What are this skill's strengths and limitations?
- Provides an end-to-end workflow from requirements discovery through validation.
- Explicitly covers multicloud, hybrid, on-premises, and federated-query scenarios.
- Requires specified Google Cloud documentation to ground design and implementation guidance.
- Defines deliverables including Mermaid diagrams, IaC, deployment instructions, and validation materials.
- The SKILL.md contains no actual Terraform, scripts, test suite, or sample output.
- The client needs search or fetch capability to retrieve the referenced Google Cloud resources.
- Product choices, permissions, APIs, and deployment details must be generated interactively; the skill file alone does not deploy a solution.
- It explicitly excludes simple single-cloud data warehouses and non-AI workloads.
How do you install this skill?
Run npx skills add google/skills, then select google-cloud-solution-agentic-ai-borderless-data-lakehouse during installation.

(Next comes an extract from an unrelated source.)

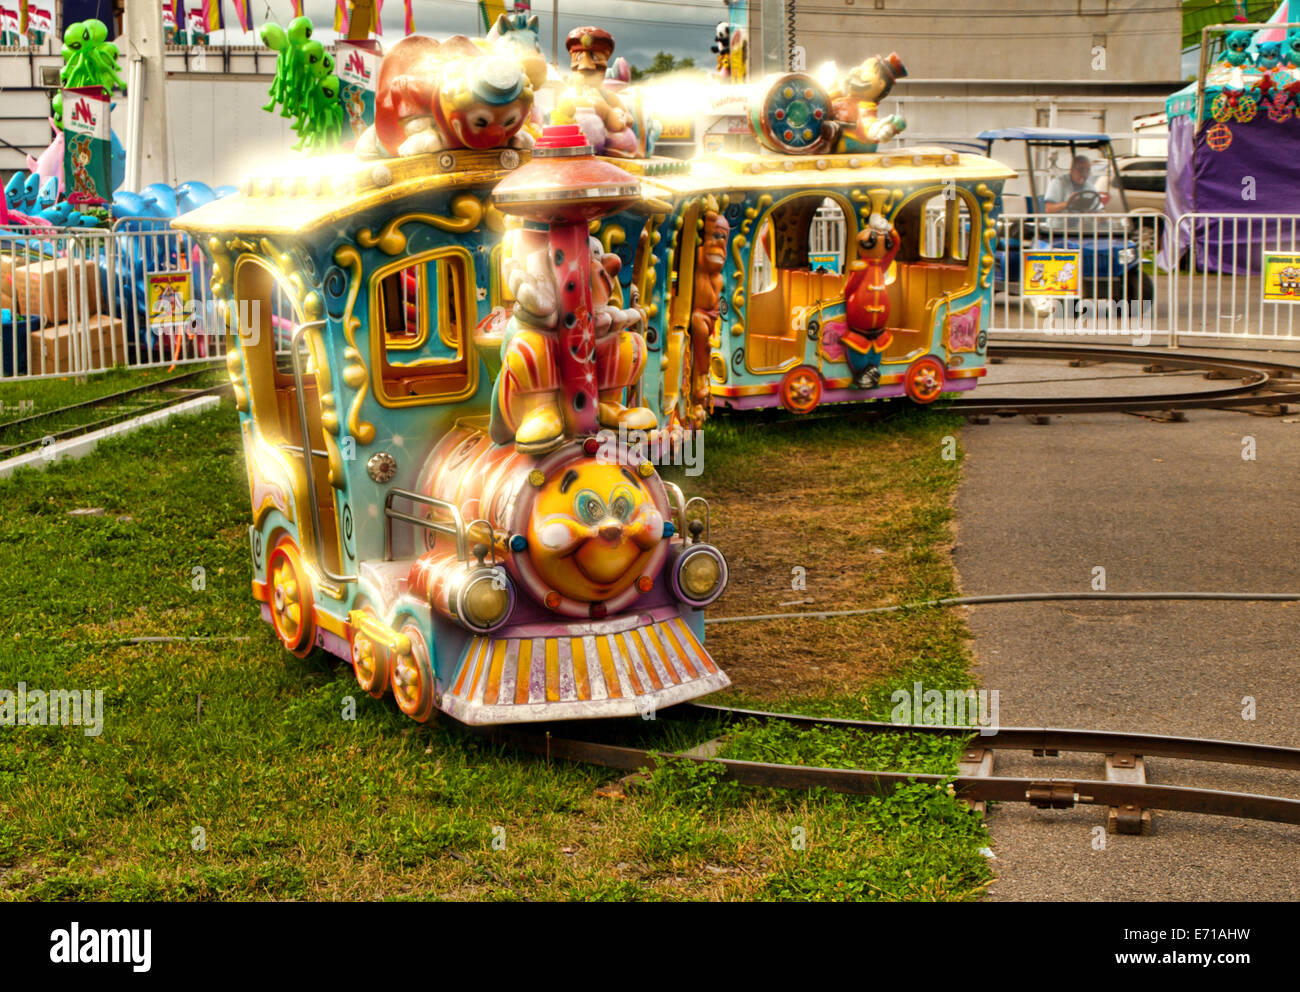 children's train ride at a fair Stock Photo

The README does not document a local destination directory or a separate installation command for this skill.
How do you use this skill?
In an Agent Skills-compatible client, provide a concrete request such as: “Design a governed open data lakehouse for an agentic analytics system connecting Google Cloud, another cloud provider, and on-premises data.” Supply data-source, metadata, security, analytics, and query requirements, then confirm or revise the generated decomposition, architecture, and implementation plan.